Seni film ini pun memukul mundur seni teater modern Indonesia, karena memang teknologi yang dipakai lebih canggih dibanding bentuk seni yang masih memiliki unsur hegemoni masa auratik. Perkembangan seni film industrialisasi ini pun masih terus berkembang lebih cepat dibanding dengan teater modern Indonesia, terlebih lagi teater tradisi Dongeng Betawi, di era terkini yang merupakan  era globalisasi. Di era pra-modern (auratik) terbatas pada kuantitas dan hanya digeluti-digemari oleh masyarakat tertentu dengan konvensi yang dimilikinya, dan era modern (industrialisasi) meski kuantitasnya banyak atau dapat dikatakan populer tetap saja terbentur pada jarak dan waktu. Sedangkan era globalisasi jarak dan waktu sudah tidak perlu diperhitungkan lagi. Contoh yang paling dekat dengan masyarakat sekarang adalah film box office atau film luar negeri yang dapat menyentuh daerah-daerah di pelosok bumi karena adanya bioskop-bioskop di seluruh negara di dunia. Waktu pun tidak membutuhkan hitungan tahun, bulan, atau malah minggu dalam penyebarannya, bisa dalam satu waktu secara bersamaan film tersebut dapat diputar dan dinikmati oleh orang-orang di seluruh dunia. Teater modern dan teater tradisi hanya bisa termangu pilu melihat lesat arus penyebaran seni film, atau mungkin tertinggal beberapa putaran dalam maraton kebudayaan.
Timbul-tenggelam teater tradisi memang telah terjadi di bumi kita ini. Hal-hal di atas adalah ciri alamiah dari terabaikannya teater tradisi.
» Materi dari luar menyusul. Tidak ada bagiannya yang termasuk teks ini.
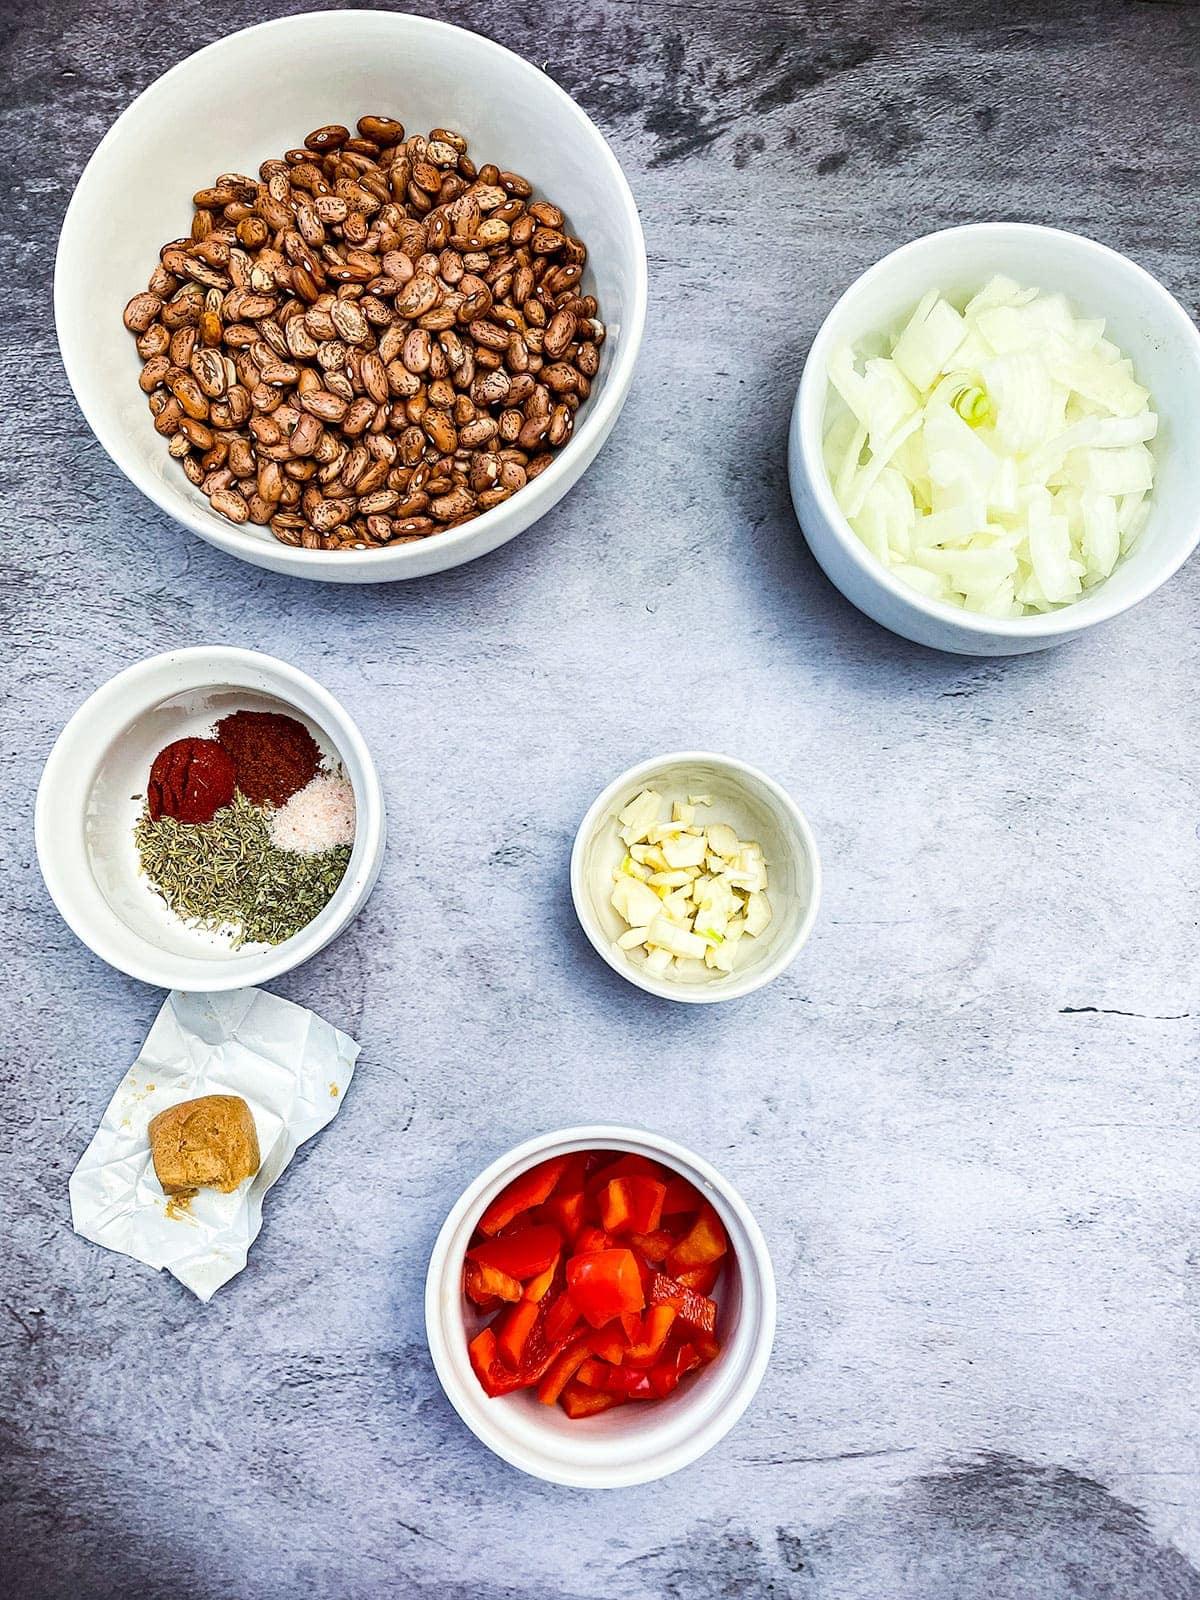 Instant Pot Pinto beans ingredients

Selain ciri alamiah tersebut ada pula kelalaian manusia pegiatnya, walau masih ada usaha untuk melestarikannya, karena tidak memfasilitasi kehidupan teater tradisi ini. Lebih banyak bioskop ketimbang gedung kesenian. Jadi pantaslah timbul-tenggelamnya teater tradisi di bumi yang tidak perduli pada budaya. Mengutip slogan Presiden pertama Indonesia, Ir. Soekarno: “JAS MERAH (JANGAN SEKALI-SEKALI LUPAKAN SEJARAH)”. Budaya merupakan sejarah dan teater tradisi bagian dari budaya.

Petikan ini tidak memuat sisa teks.